O Ministério do Planejamento e Orçamento (MPO) confirmou, nesta quarta-feira (10), o valor que o piso salarial nacional deverá atingir em 2026: R$ 1.621, representando um acréscimo de R$ 103 sobre o montante vigente, de R$ 1.518. O novo patamar remuneratório entrará em vigor em janeiro, com reflexo nos pagamentos efetuados aos empregados em fevereiro.
O procedimento de correção monetária segue dois parâmetros estabelecidos:
Inflação: medida pelo Índice Nacional de Preços ao Consumidor (INPC) acumulada nos doze meses que antecedem novembro, conforme estipulação constitucional.
Aumento Real: com base no crescimento efetivo do Produto Interno Bruto (PIB) de dois anos anteriores. Para o ano de 2026, é considerado o PIB de 2024, que teve uma expansão de 3,4%.

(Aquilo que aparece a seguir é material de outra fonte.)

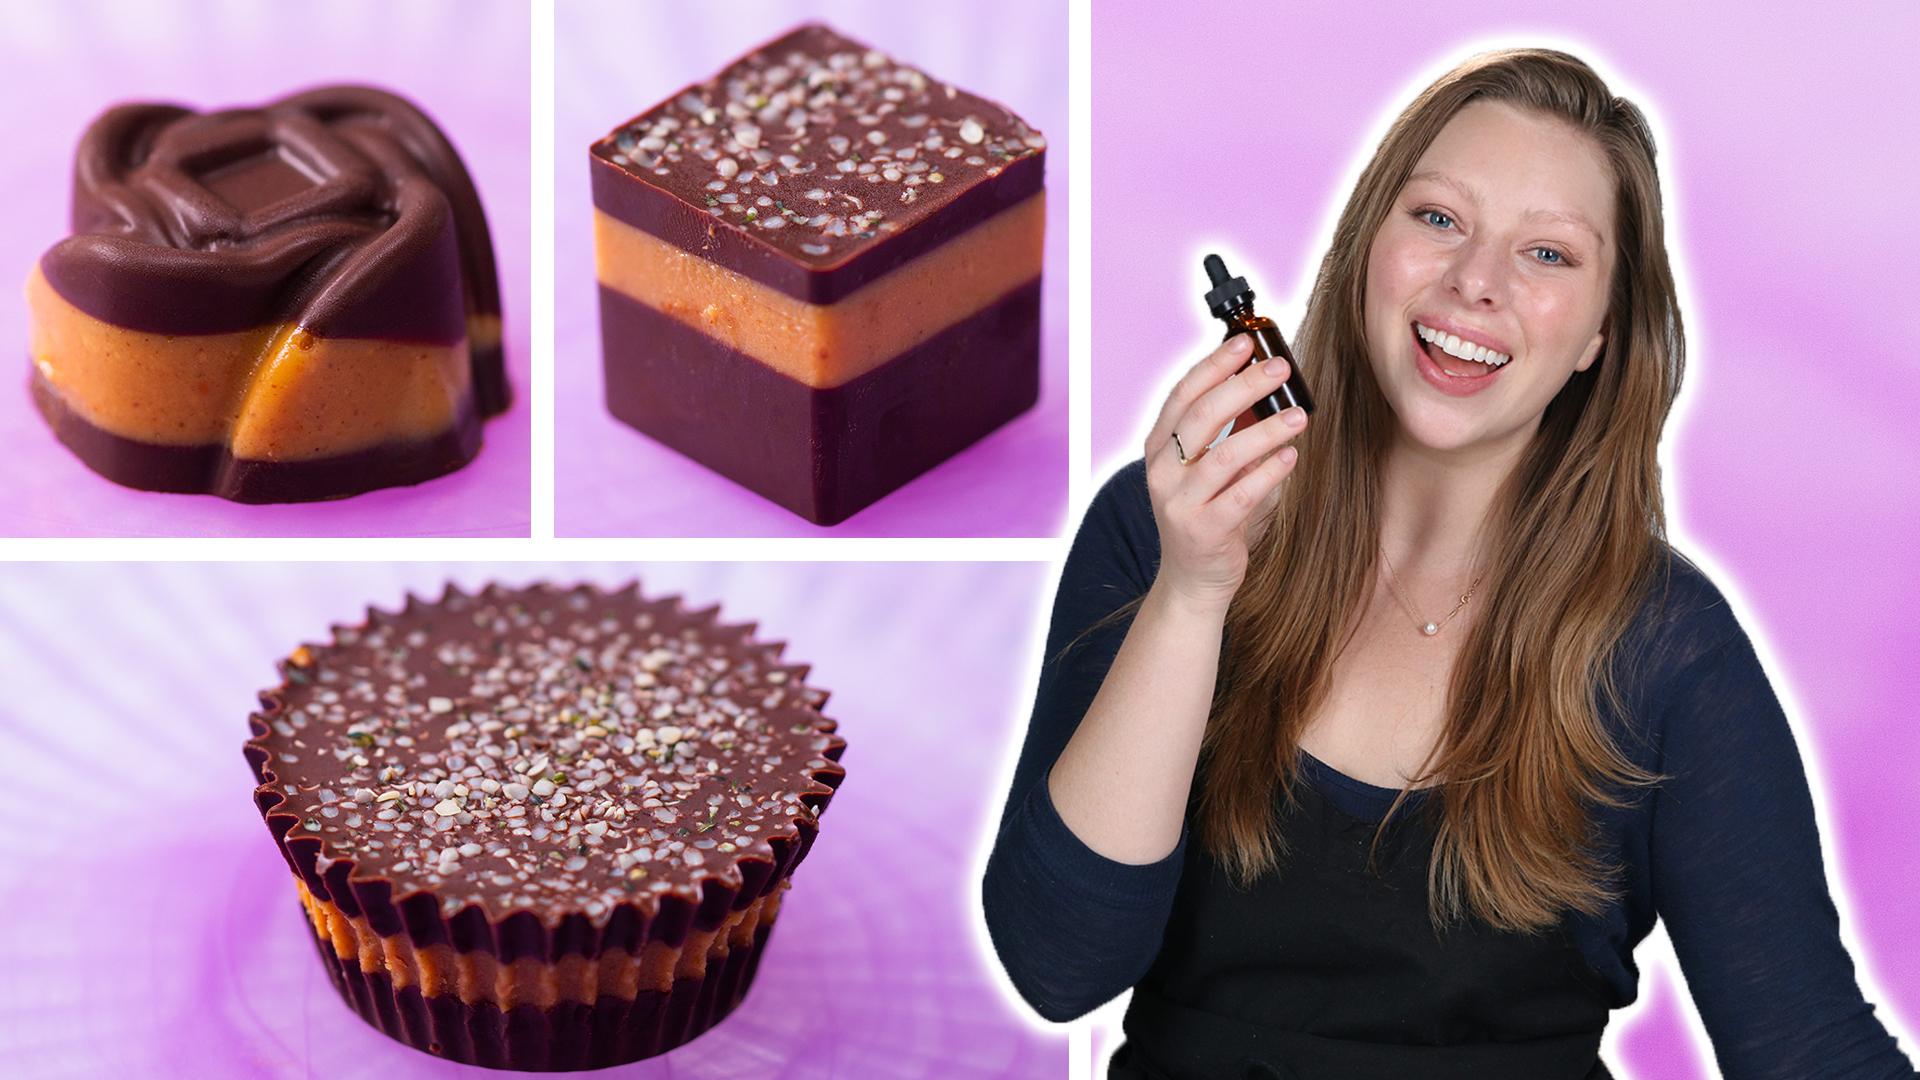 5-ingredient Chocolate Peanut Butter Cups Recipe by Tasty

Entretanto, uma legislação promulgada em dezembro pelo governo restringe o aumento real do salário básico a 2,5%, limite máximo imposto pela regra do arcabouço fiscal. Dessa forma, o ajuste será o resultado da soma entre a inflação de 4,4% (divulgada pelo Instituto Brasileiro de Geografia e Estatística - IBGE, nesta quarta-feira) e o ganho real limitado a 2,5%.
De acordo com o Departamento Intersindical de Estatística e Estudos Socioeconômicos (Dieese), o valor mínimo serve como referência para 59,9 milhões de indivíduos no país. Esse contingente inclui trabalhadores formais, pensionistas e beneficiários de programas sociais, como o Benefício de Prestação Continuada (BPC). O valor também exerce influência sobre a média salarial brasileira e a capacidade geral de consumo da população.

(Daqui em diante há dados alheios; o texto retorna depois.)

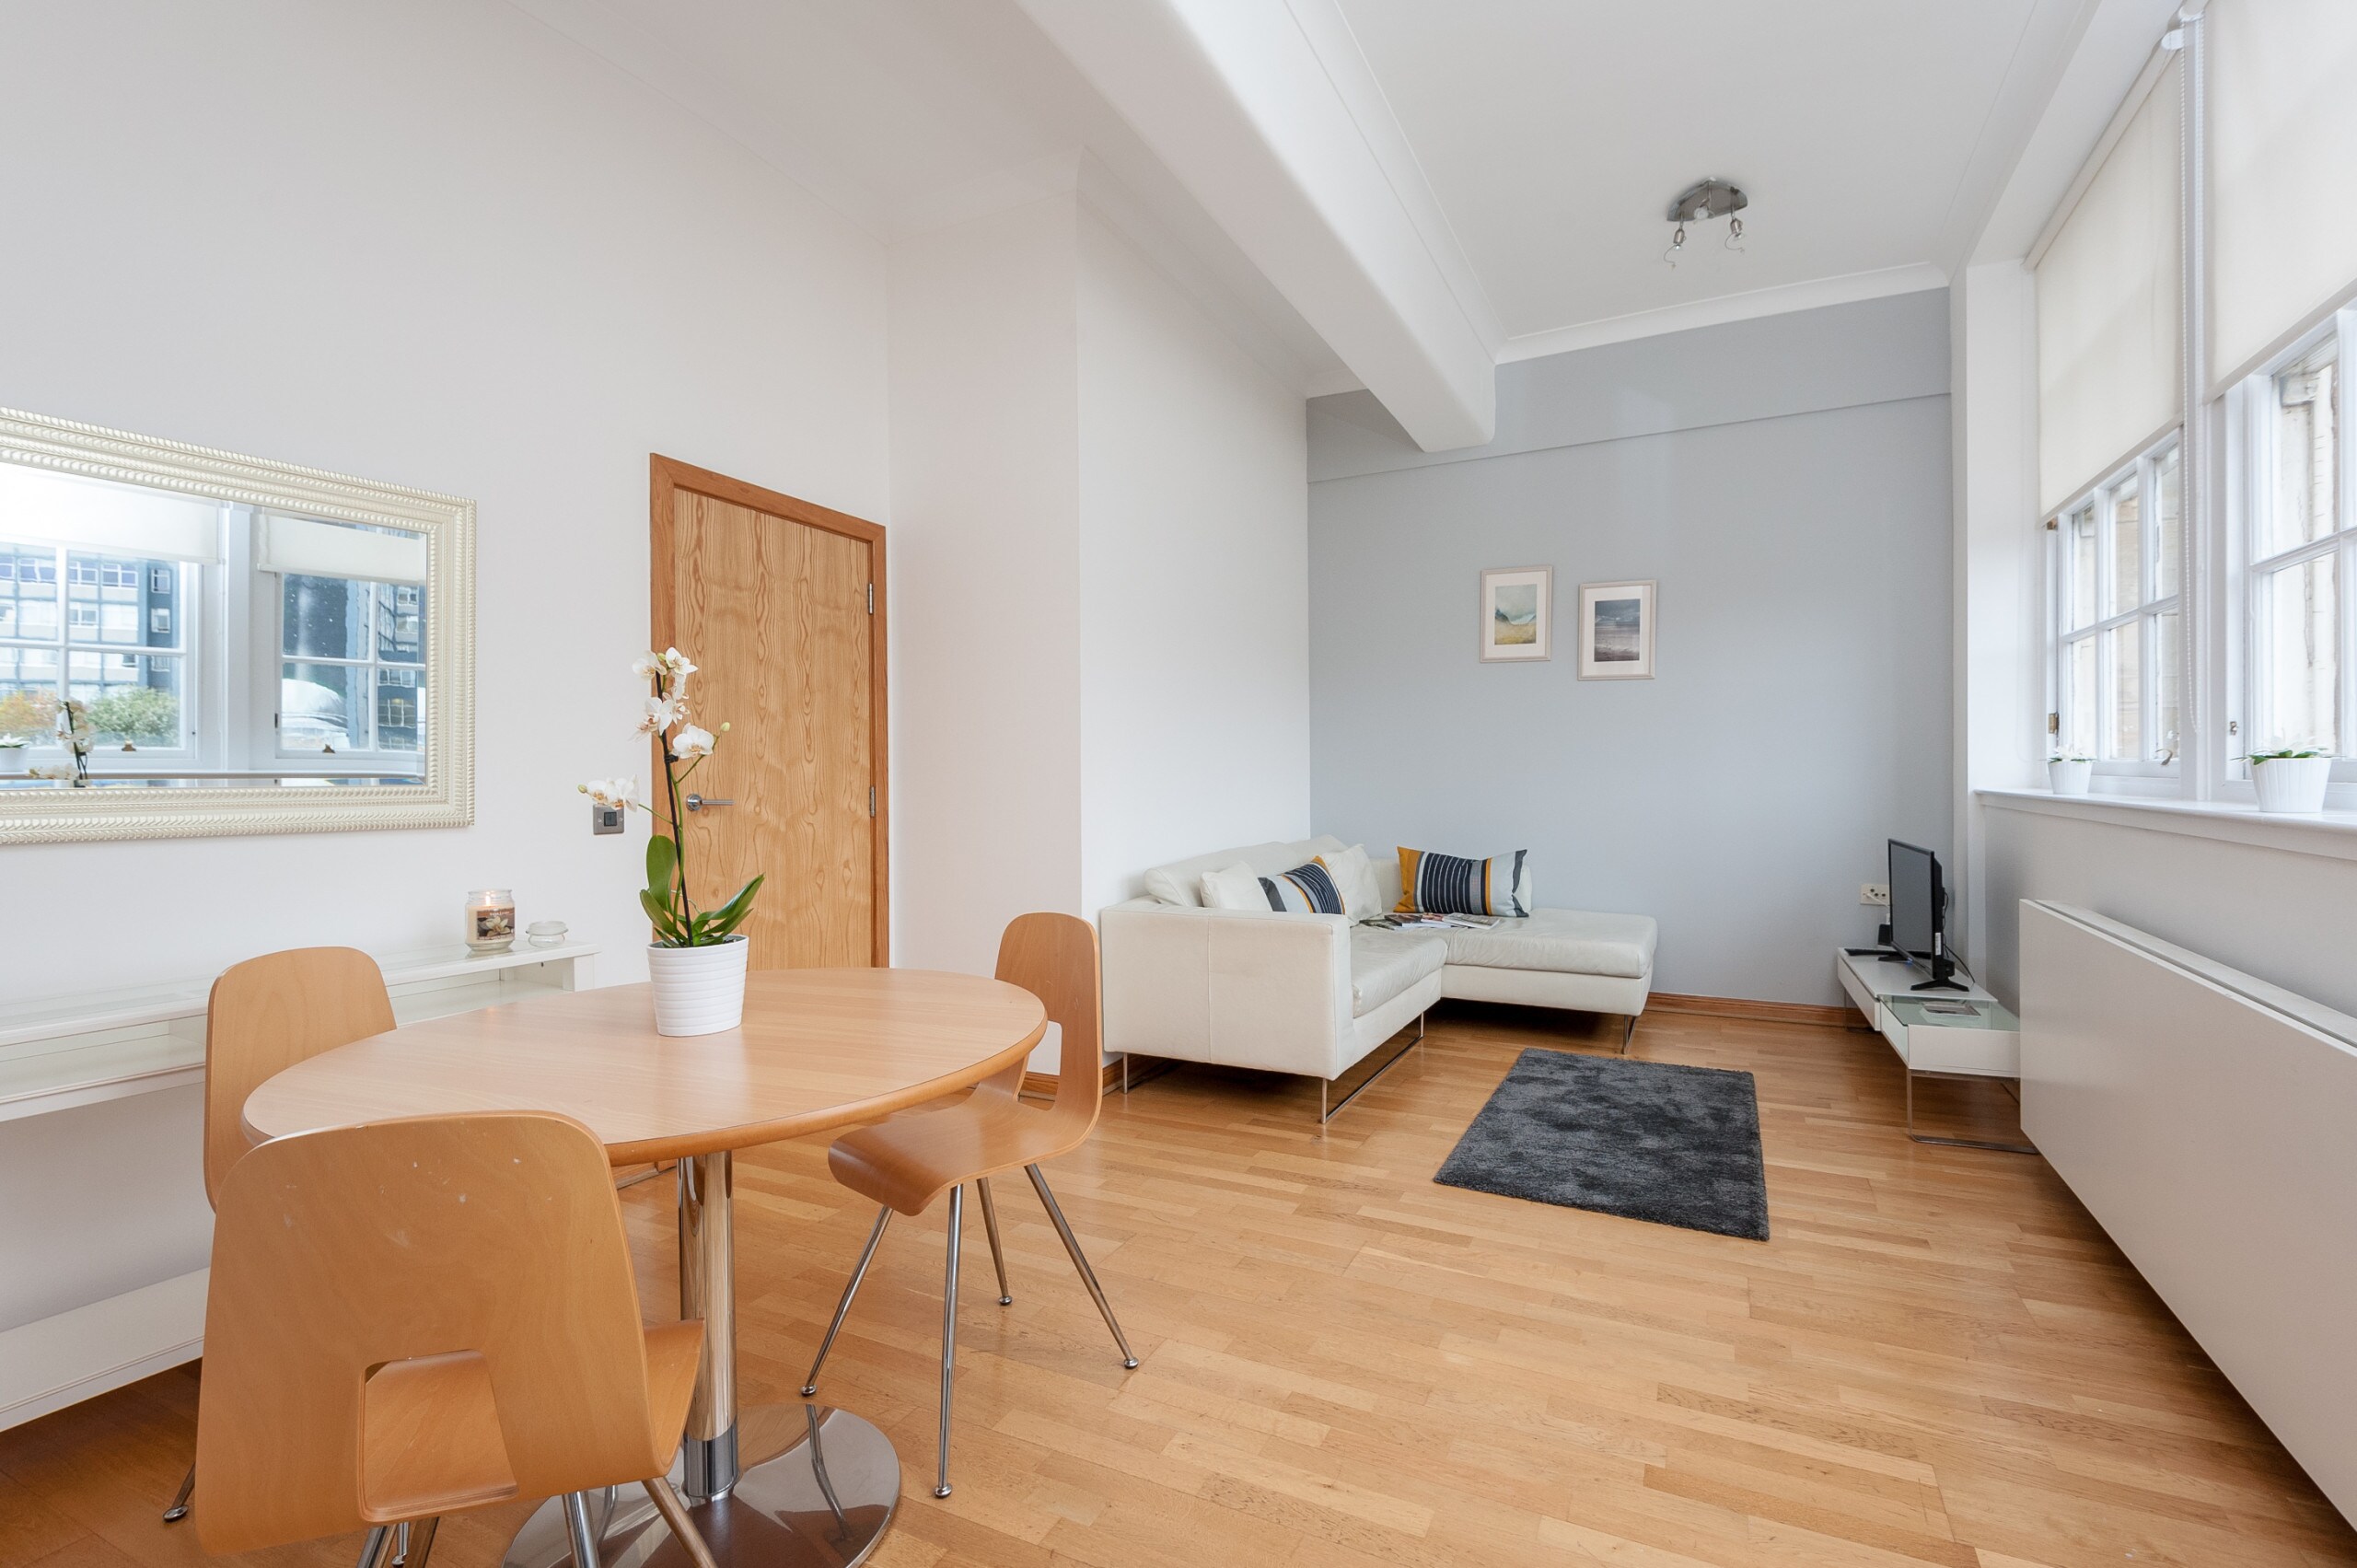 Property Image 1 - Cute stylish apartment located in the Merchant City

A elevação do piso salarial tem um forte impacto nas despesas compulsórias federais. Por determinação legal, benefícios previdenciários, seguro-desemprego e abono salarial não podem ter um valor inferior ao salário mínimo.
Cada R$ 1 de aumento no piso salarial gera um efeito de R$ 420 milhões nas obrigações orçamentárias de 2026.
O incremento total de R$ 103 representa um custo extra estimado em R$ 43,2 bilhões para as contas públicas.
Com isso, o governo federal terá menos folga para efetuar gastos livres — aqueles que financiam políticas públicas e projetos de investimento — intensificando a pressão sobre o orçamento. Para evitar o crescimento da dívida pública, especialistas em economia sugerem desvincular os benefícios da Previdência Social do reajuste do salário mínimo, voltando a um modelo em que a correção se dá apenas pela inflação, como ocorreu durante a gestão de Jair Bolsonaro.
O Dieese calcula que, para assegurar condições de vida dignas, conforme preceitua a Constituição, o salário básico em novembro deveria ter sido de R$ 7.067,18, montante equivalente a 4,66 vezes o piso atual de R$ 1.518. O cálculo considera despesas cruciais com habitação, alimentação, saúde, ensino, locomoção, vestuário, entretenimento, higiene e seguridade social.